Modalities which we have found to be of value with frostbite patients include Functional Electrical Stimulation (FES), Fluidotherapy and Continuous Passive Motion (CPM) devices. FES is particularly valuable in enhancing tendon excursion. This also has some benefit in overriding joint contractures. Fluidtherapy is a dry heat modality which has minute, solid particles which swirl about the hand when the unit is turned on. Both the warmth (105°F) and the sensory bombardment to the hand are soothing and assist with decreasing hand sensitivity. As for CPM devices, they are a valuable treatment modality for increasing and/or maintaining passive motion to the digits.

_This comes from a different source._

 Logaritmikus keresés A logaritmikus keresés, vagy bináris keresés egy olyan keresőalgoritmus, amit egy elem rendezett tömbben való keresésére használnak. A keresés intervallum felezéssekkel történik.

Proper immobilization of the hand in early care of frostbite is vital. The ideal position of immobilization is that of the “safe position.” The wrist is placed in 25° of dorsiflexion, the metacarpophalangeal joints in 75° of flexion, the interphalangeal joints are at neutral and the thumb is midway between radial and palmar abduction. This position maintains the joint collateral ligaments on maximum stretch, thus avoiding the likelihood of joint contractures developing. This is particularly true with the development of MP joint extension contractures, PIP joint flexion contractures, or that of a first web space contracture. This type of splinting should be worn between exercise sessions in the acute phase of therapy and then continued at night until scar maturation has occurred. This is generally between 4-6 months. Additional dynamic and/or static splinting may be necessary if there are specific joints slow to regain full range of motion.

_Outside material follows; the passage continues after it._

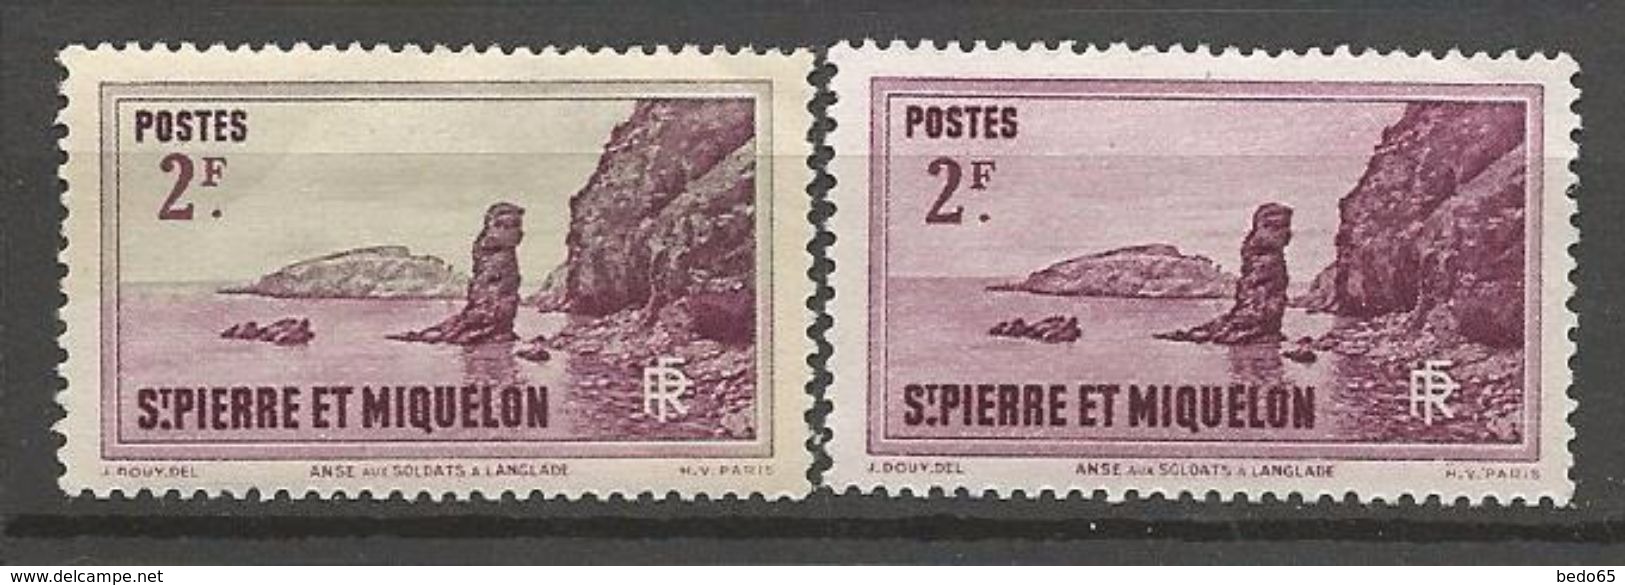 ST PIERRE ET MIQUELON  N° 184 VARIETEE SUR LA COULEUR NEUF*  CHARNIERE / MH - Unused Stamps

As soon as the initial pain and edema from the frostbite has begun to lesson, it is imperative to begin active and passive range of motion exercises to the entire upper extremity. Generally, exercise sessions 10-15 minutes each hour should be sufficient. To over exercise (i.e. over 15 minutes each hour) is contraindicated, for this will aggravate the hand edema.
Management of frostbite can be simple to relatively complex. The extent of the injury and the systemic response to cold are major influencing factors. The best approach is that of a team approach, with a close communication between the surgeon and the therapist regarding the patient’s course of hand management.